“Padaku?”
“Pada mata cokelatmu.”
***
Bulan mengukir senyum saat melihatku menikmati setetes anggur dari sudut matamu. Sungguh memabukkan sehingga aku harus memasuki kembali mata cokletamu yang sedari tadi menggodaiku.
Aku merenanginya di bawah remang rembulan malam. Aku menemukan sendu di sudut matamu. Aku melihatmu sedang sibuk menumpahkan kenangan-kenangan manis akan seorang gadis. Tubuhmu berdarah, sepertinya kenangan-kenangan itu telah banyak melukaimu.
Kauberjongkok di sudut itu, merogoh saku, kemudian mengeluarkan sesuatu yang ternyata adalah wajahku.
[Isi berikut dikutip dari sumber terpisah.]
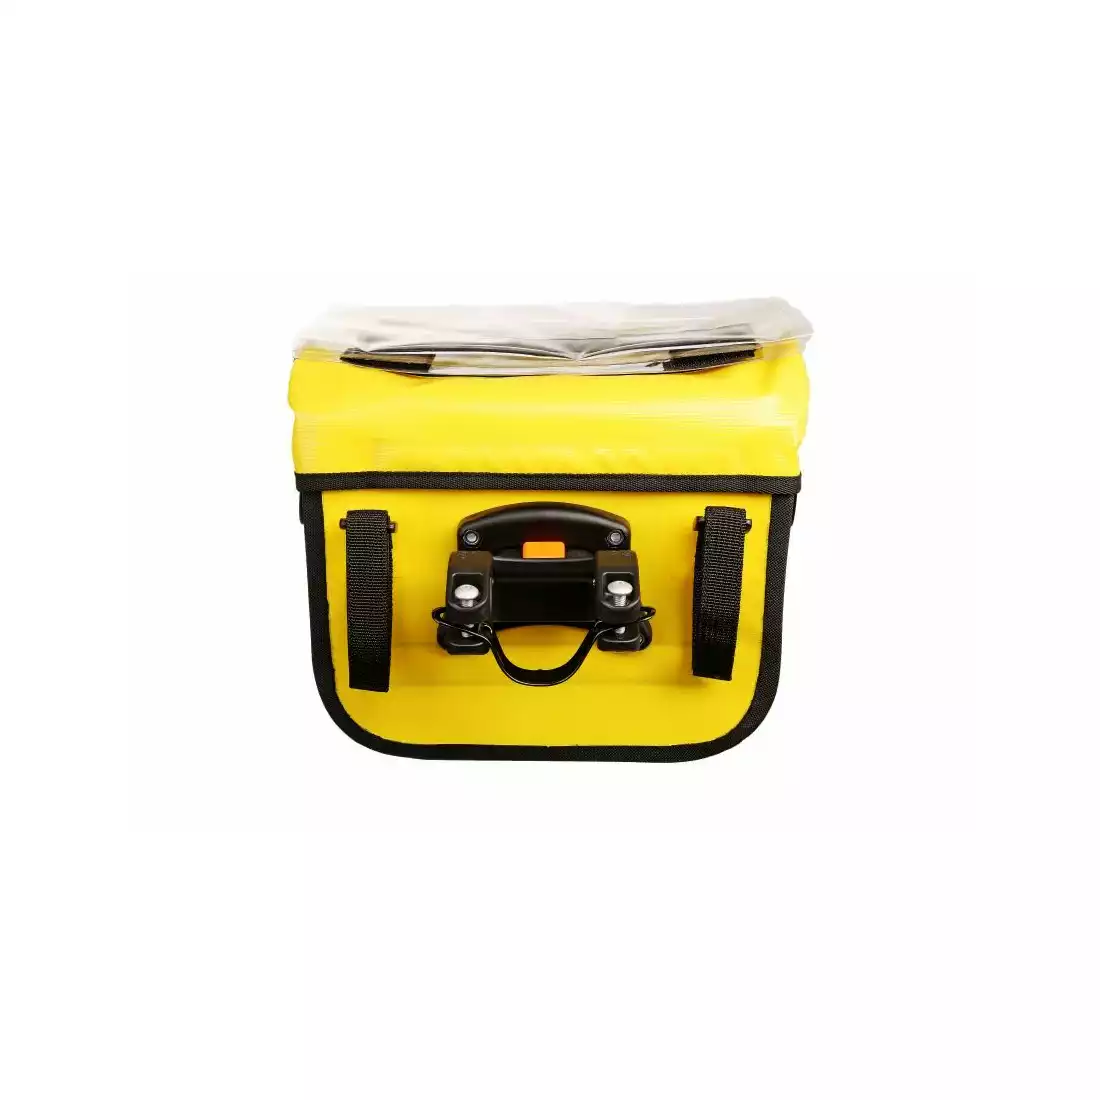 SPORT ARSENAL 310 EXPEDICE Wodoszczelna sakwa na kierownice klick-fix, zółta

Kaumemandangi wajahku, menyentuhnya di awali dari kening, kedua mata, hidung, kemudian bibir sebelum pada akhirnya kau mengecupnya.
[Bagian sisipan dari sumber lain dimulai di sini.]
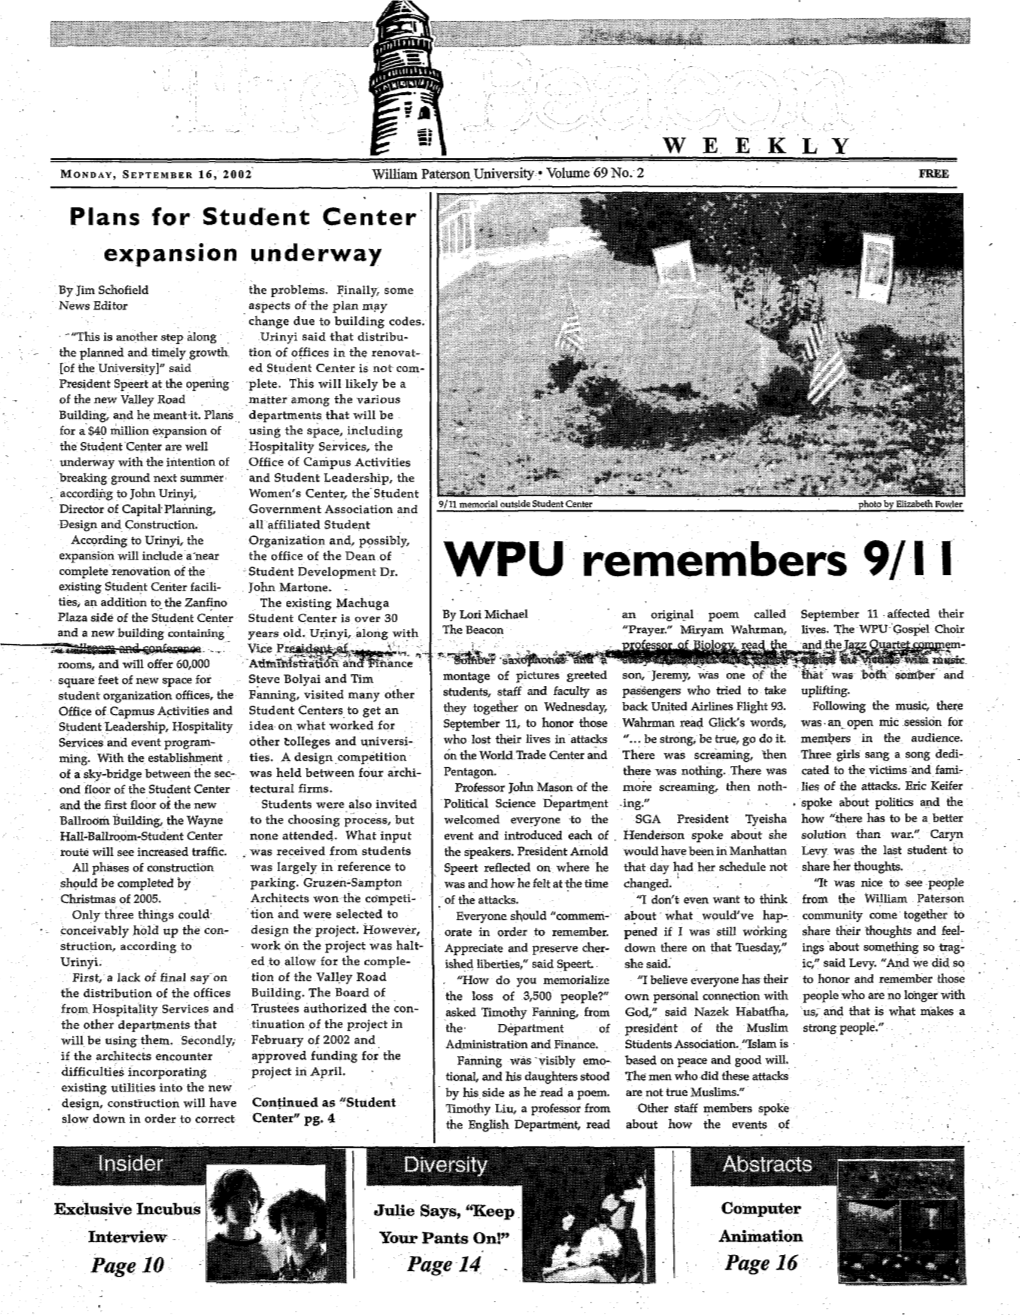 WPU Remembers 9/11

Aku merasakan tubuhku tertarik keluar dari mata cokelatmu. Tetiba kehangatan menyelimutiku sampai kudapati tubuhmu mendekapku begitu eratnya. Aku menahan napas, sama seperti dirimu yang menahan sakitnya kenangan yang tertumpah.
“Bebaskan aku, kumohon.”
Kaumeminta kebebasan padaku. Kebebasan dari kenangan-kenangan manis yang mungkin telah kausimpan begitu lamanya di sudut matamu itu. Kaumungkin tak pernah mengerti, permintaanmu adalah sebuah tusukan yang hampir membuatku mati.
“Bebaskan aku, kumohon.”
“Aku tak bisa melakukan itu jika kau masih mencintainya.”